I was in the audience in 2000 when your large orchestral piece "Index" was performed at the Vision Festival. You mentioned in the car on the way over that you have in mind a major project you would like to undertake dealing with a new and more complete performance of this piece, and that you anticipate it could cost as much as $100,000 to do as it should have been done.

This focuses on how ideas concerning the presentation of this music have, historically been undervalued. It seems that, always, lurking there somewhere in the shadows, is this nickel and dime attitude to the extent that musicians do not believe that a project such as the one I am talking about either warrants that kind of financial outlay, or that the project is even possible to erect. If you think about it, $100,000 in terms of a recording is not a lot of money. For musicians who are cranking out a lot of this uninteresting commercial music, it is not unusual for that amount of money to be allocated for the lunch commemorating the signing of one of their recording contracts. Okay, I'm joking, I take it back. It is a lot of money, but for a serious project to be done properly, like anything else that also requires money...

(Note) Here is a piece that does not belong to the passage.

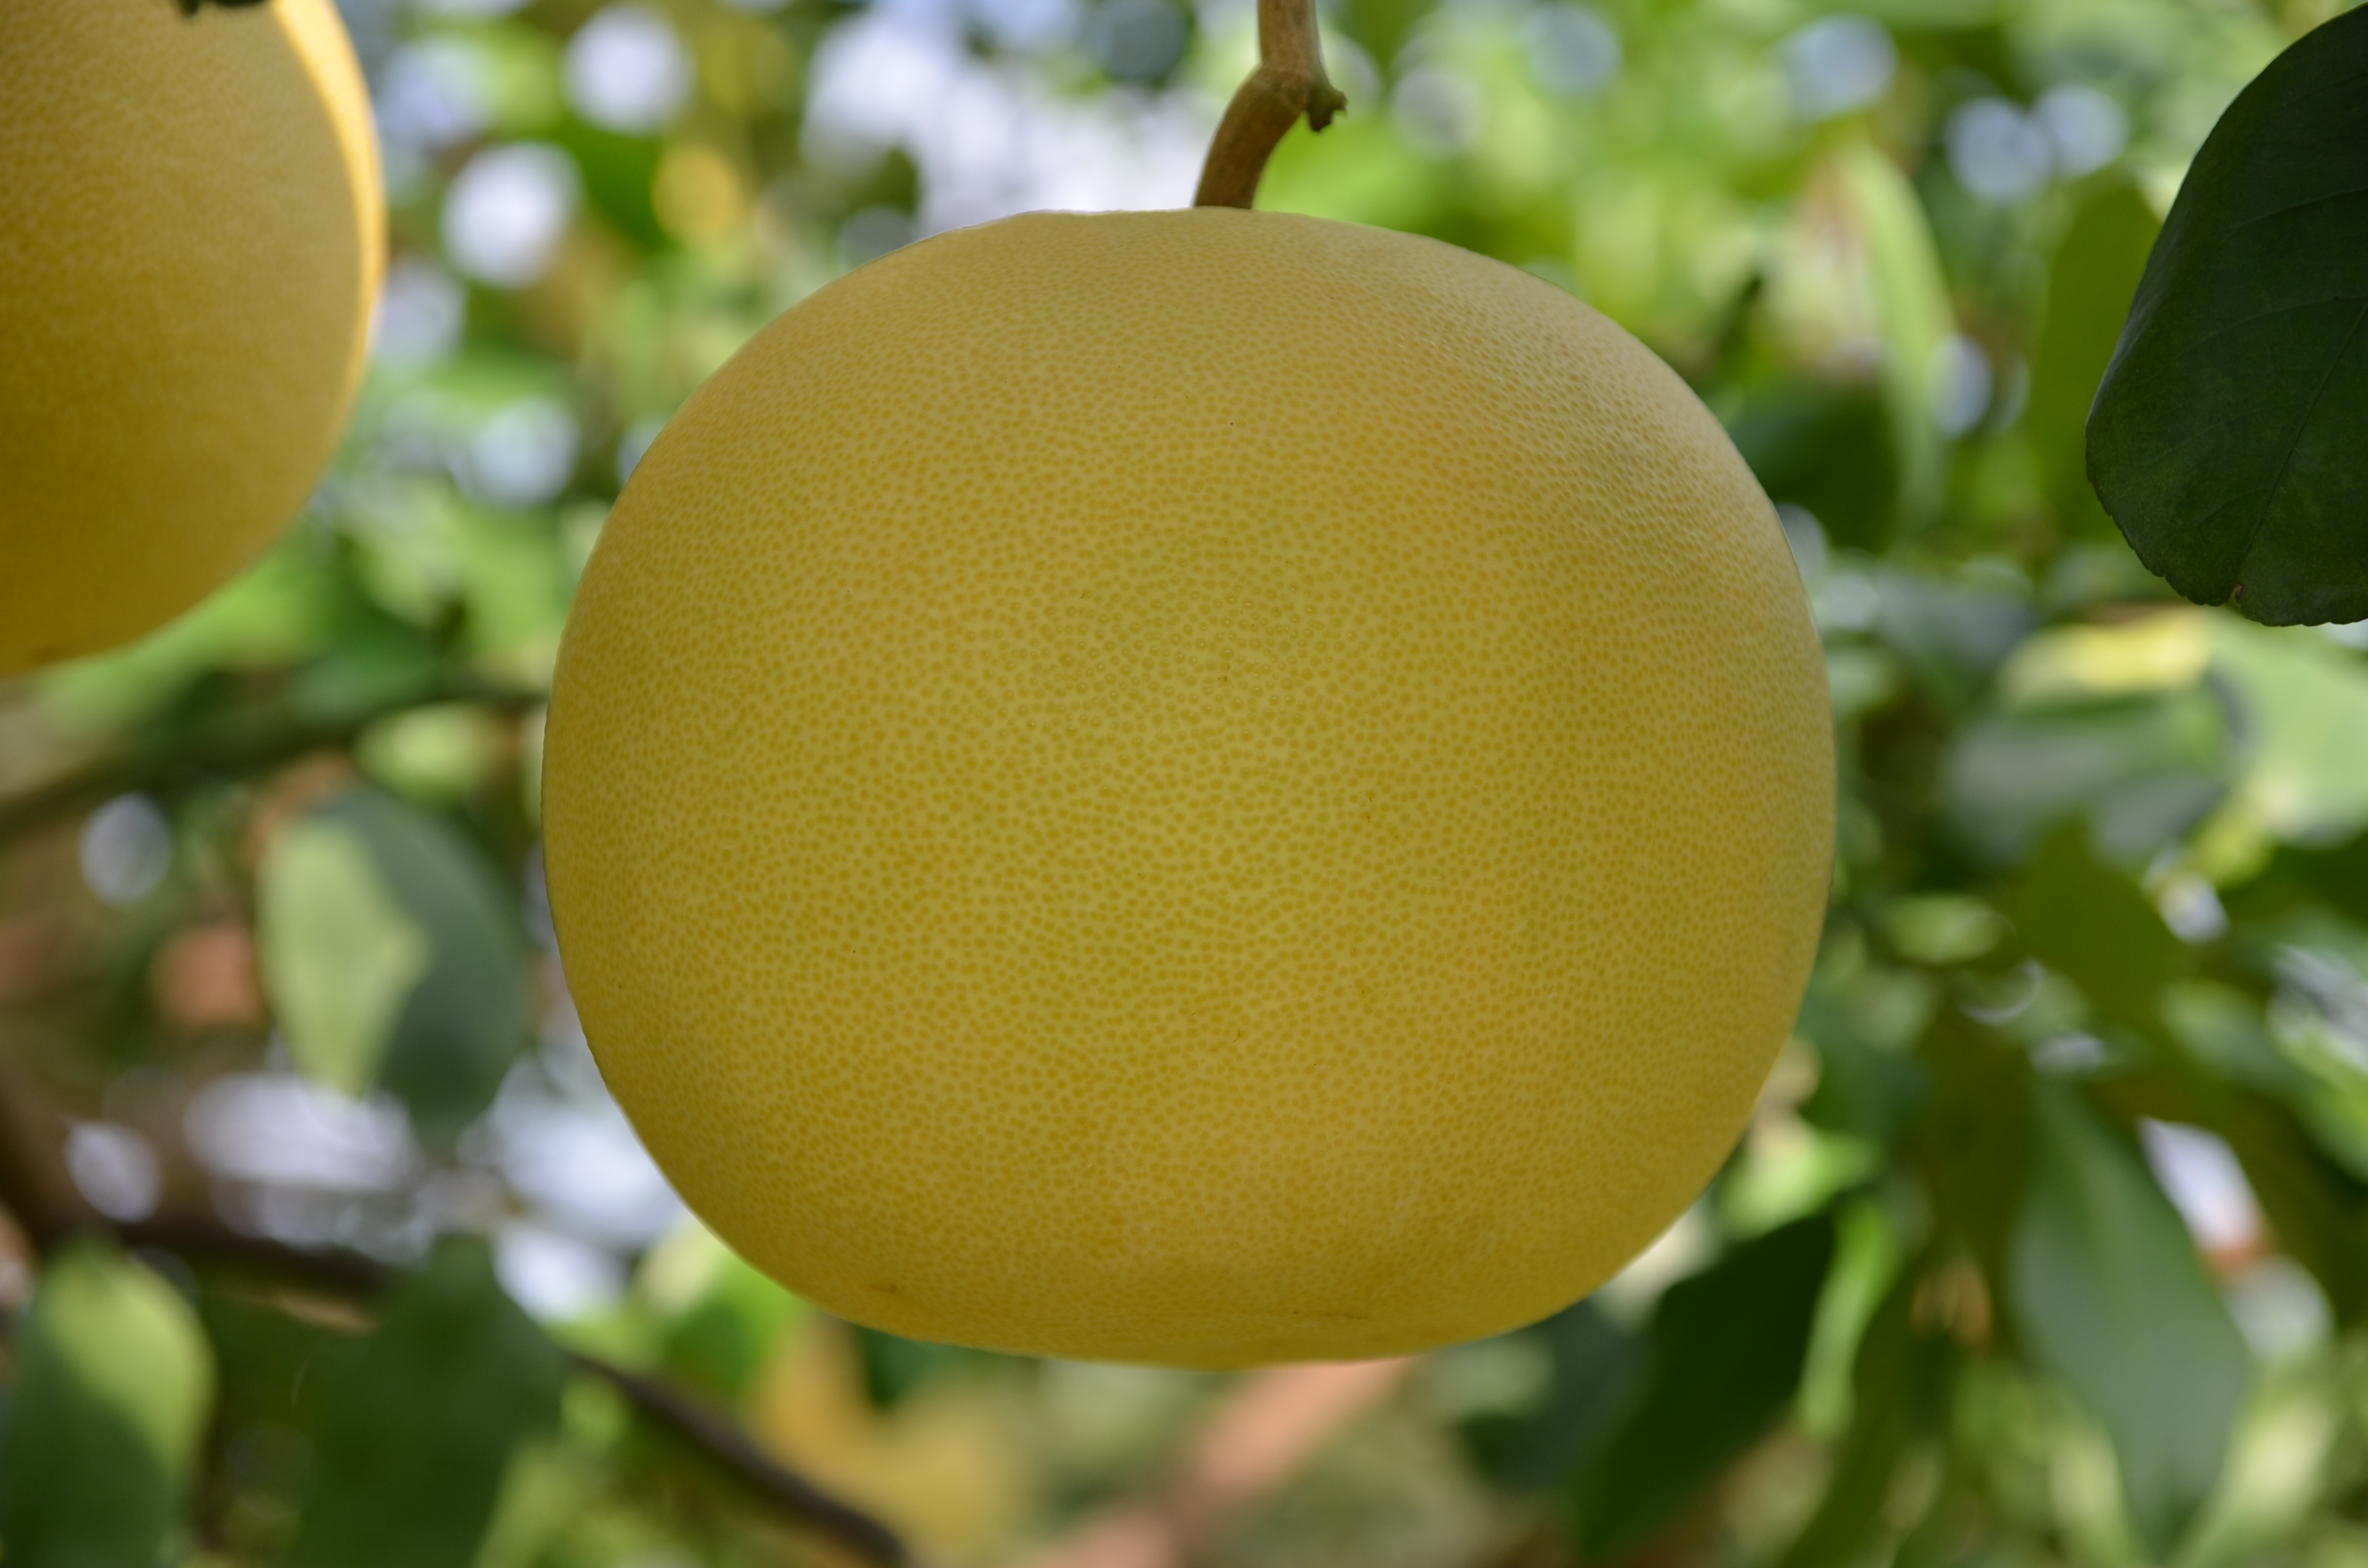 大白柚果實重量約1~2公斤左右

Would you produce it yourself?

One of the reasons I deplore the term self-produced is because, in so many instances, it has to do with the generally accepted idea that musicians who take the initiative to manufacture and produce projects, in addition to creating the music, will not be able to do a first class job. In the text, the spellings are going to be wrong, the overall quality of whatever it is, naturally less than perfect—it just can't be believed that a musician who is able to do good music should also be equally interested in presenting that music on a commensurate level. Therefore, while it may appear extravagant to think that that kind of outlay for this piece of music "Index" might be considerable, that is not the way I feel about it. As a consequence, if I produce it, I will stage it as a performance. A small audience will be invited; rehearsals of the sections will be done in the mornings, and those sections will be recorded in the afternoons. Since the musicians would all be in New York, I can allot a full week for it, and the entire event would be either filmed or videoed for later lease to the public television station and to some of the European networks. So, the financial outlay would take into consideration the rental of the space, salaries to musicians, fee for the filmmaker, and recording fees. It may very well be that I've underestimated what would be required financially. This will be how it will be done.

What made you unsatisfied with the Vision performance?